In [None]:
from torchvision import datasets, transforms
from torch.utils.data import Subset

learn_rate = 0.005  # 学习率
# 数据预处理：将图片转为Tensor且归一化到[0,1]
transform = transforms.ToTensor()
transform = transforms.Compose([
    transforms.ToTensor(),  # 将图片转换为Tensor    0~255
    transforms.Lambda(lambda x:x - 0.5)  # 将像素值从[0, 1]转换到[-0.5, 0.5]
])
# 下载训练集，若已下载则直接读取
train_dataset = datasets.MNIST(root='./data',  # 存放数据的目录
                               train=True,     # 加载训练集(True) or 测试集(False)
                               transform=transform,  # 上面定义的预处理
                               download=True)  # 没数据时自动下载

# 同理，加载测试集
test_dataset = datasets.MNIST(root='./data',
                              train=False,
                              transform=transform,
                              download=True)

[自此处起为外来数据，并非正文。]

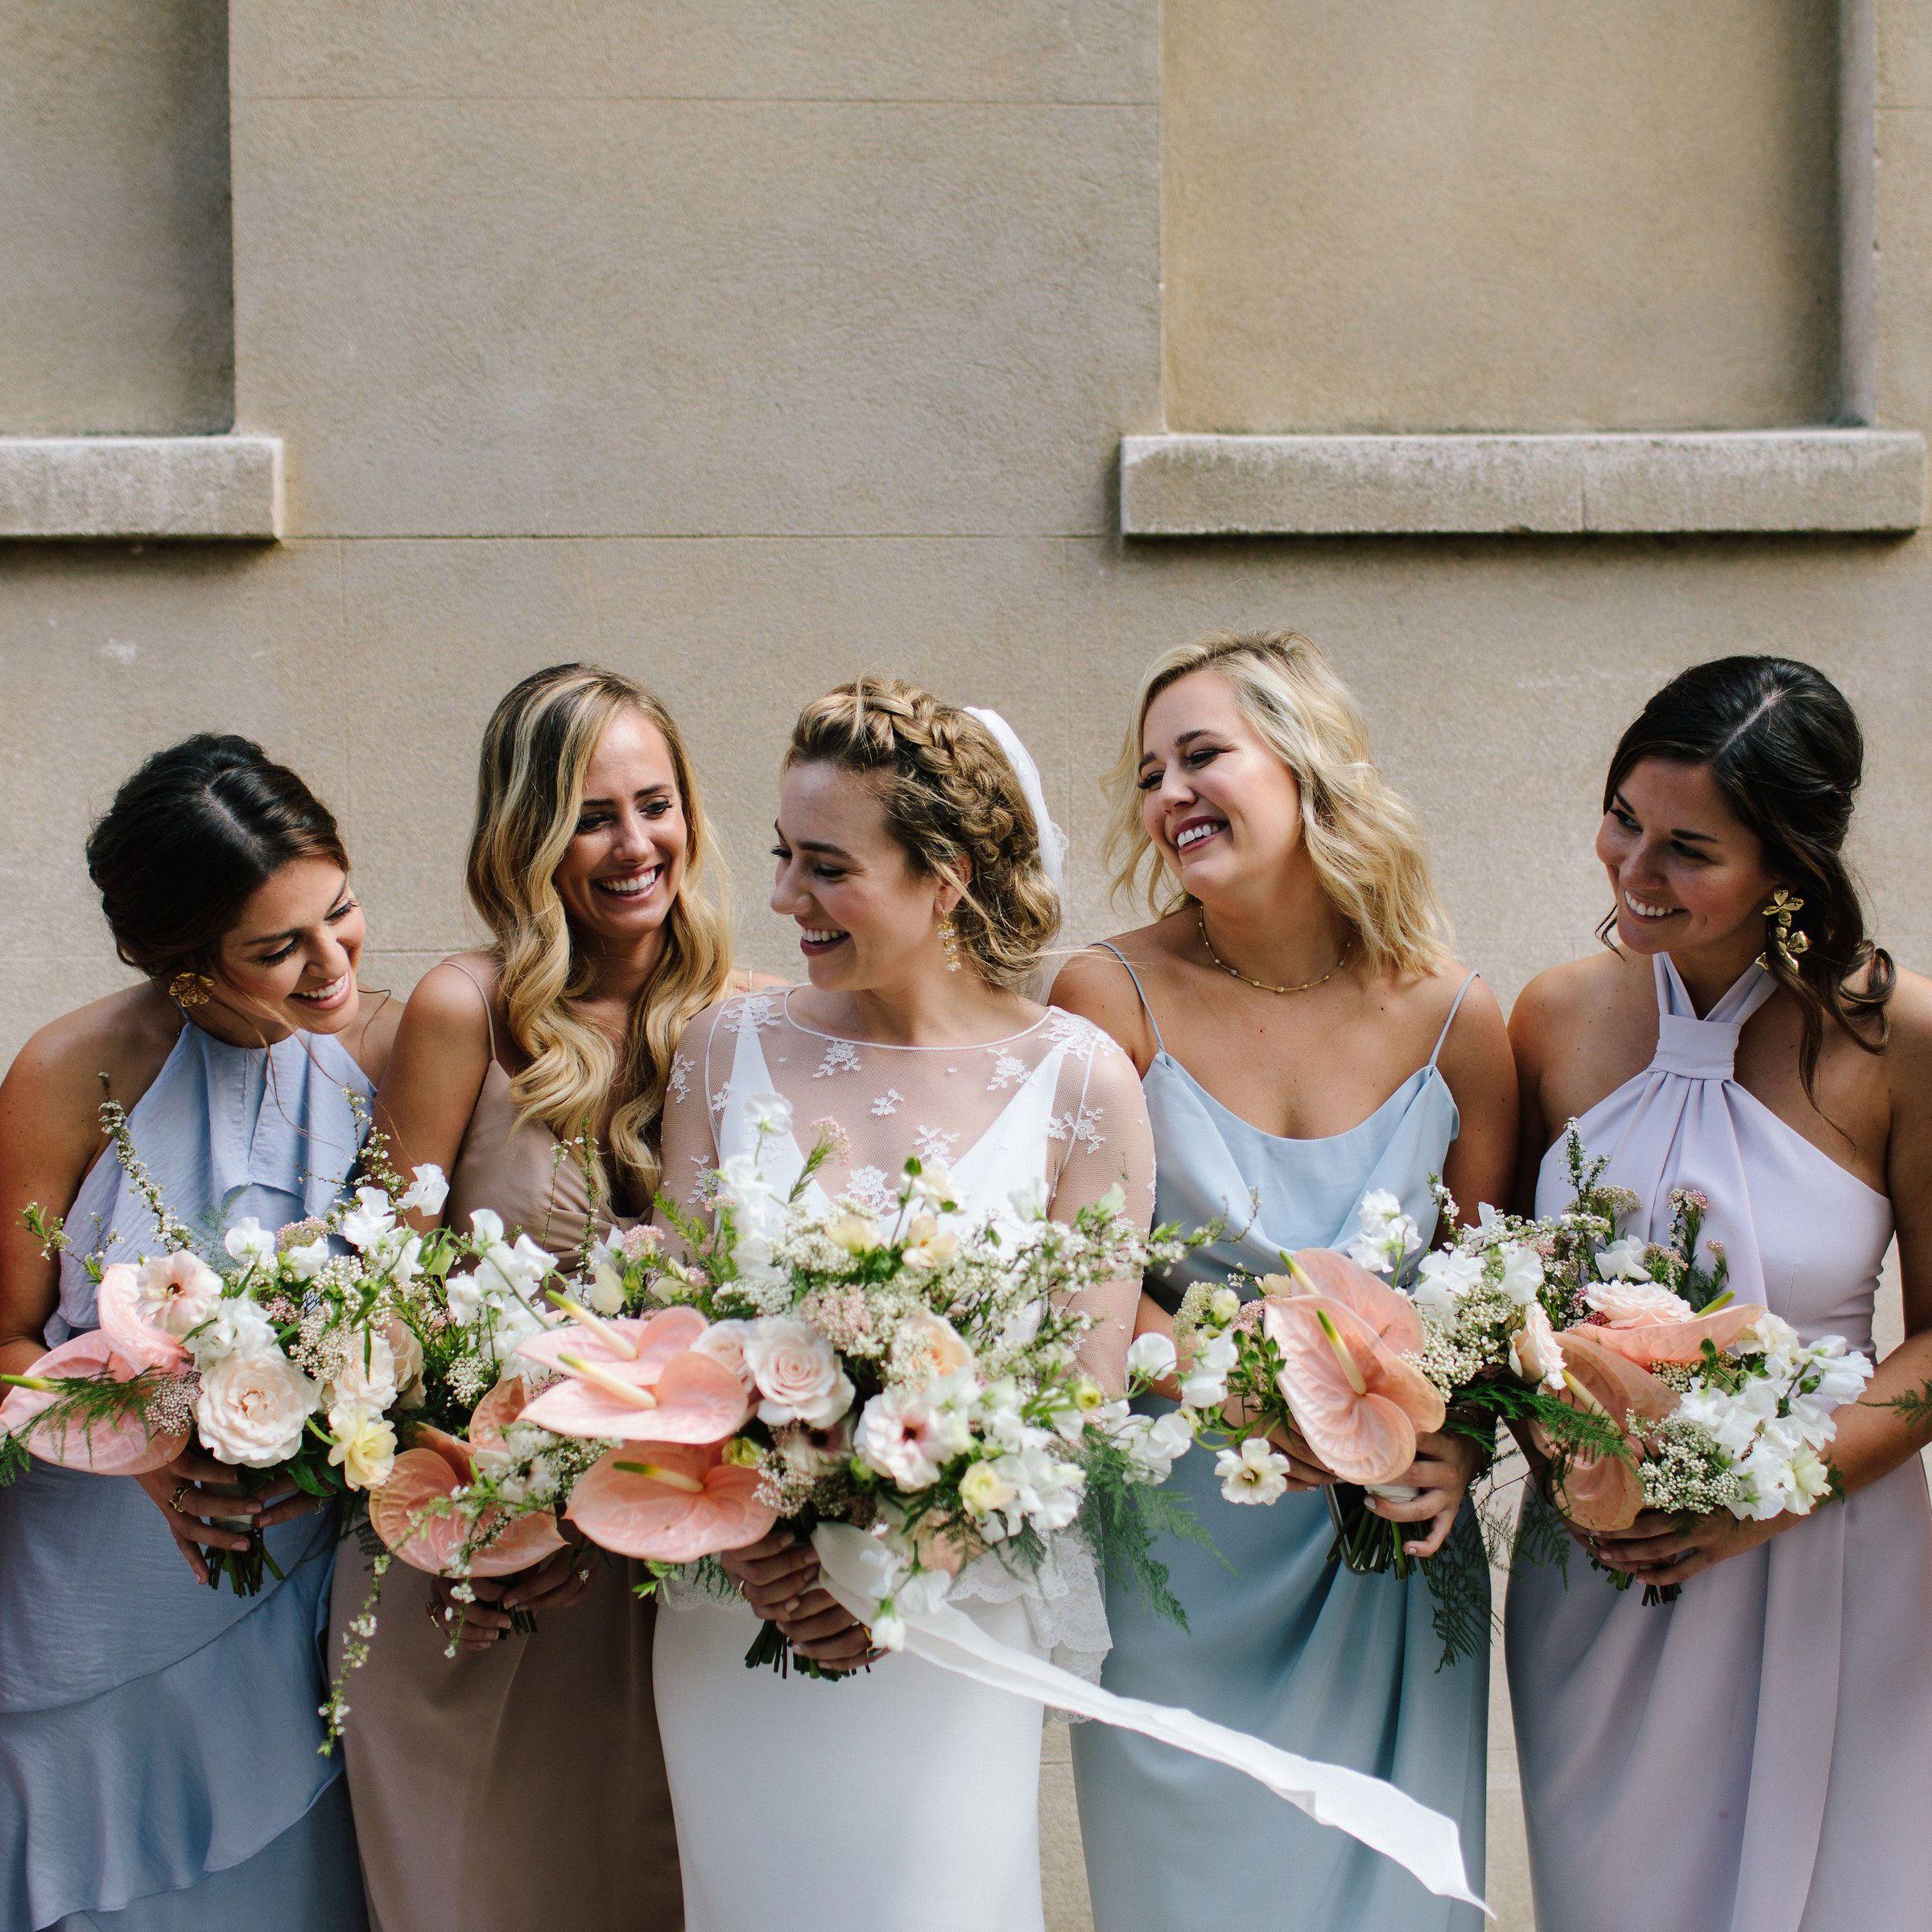 30 Best Pastel Bridesmaid Dresses Of 2021

print(len(train_dataset))  # 60000
print(len(test_dataset))   # 10000

train_dataset = Subset(train_dataset, range(1000))  # pick 前1000个样本
# datas = [subset[i][0].numpy() for i in range(len(subset))]  # datas是list，存所有图片
# labels = [subset[i][1] for i in range(len(subset))]         # labels是list

60000
10000


In [None]:
import torch 
#28x28x1→26x26x8

class Conv3x3:
    def __init__(self, num_filters):
        self.num_filters = num_filters#记录一下卷积核层数
        self.filters = torch.randn(num_filters, 3, 3) / 9#初始化卷积核
    def iterate_patchs(self, input):
        h, w = input.shape#获取图像的高和宽
        for i in range(h - 2):
            for j in range(w - 2):
                patch = input[i:i + 3, j:j + 3]#每次取一个3x3的patch
                # print(patch.shape)
                yield patch, i, j
    def forward(self, input):
        self.last_input = input
        h, w = input.shape
        output = torch.zeros((h - 2, w - 2, self.num_filters))#output是少了（3-1）的八层
        for patch, i, j in self.iterate_patchs(input):#遍历每个patch
            output[i, j] = torch.sum(patch * self.filters, dim = (1, 2))#对每个patch和卷积核进行卷积操作
        return output
    def backprop(self, d_L_d_out):
        d_L_d_filters = torch.zeros(self.filters.shape)#初始化梯度
        # print(d_L_d_filters.shape, d_L_d_out.shape, self.last_input.shape)
        for patch, i, j in self.iterate_patchs(self.last_input):
            for f in range(self.num_filters):
                d_L_d_filters[f] += patch * d_L_d_out[i, j, f]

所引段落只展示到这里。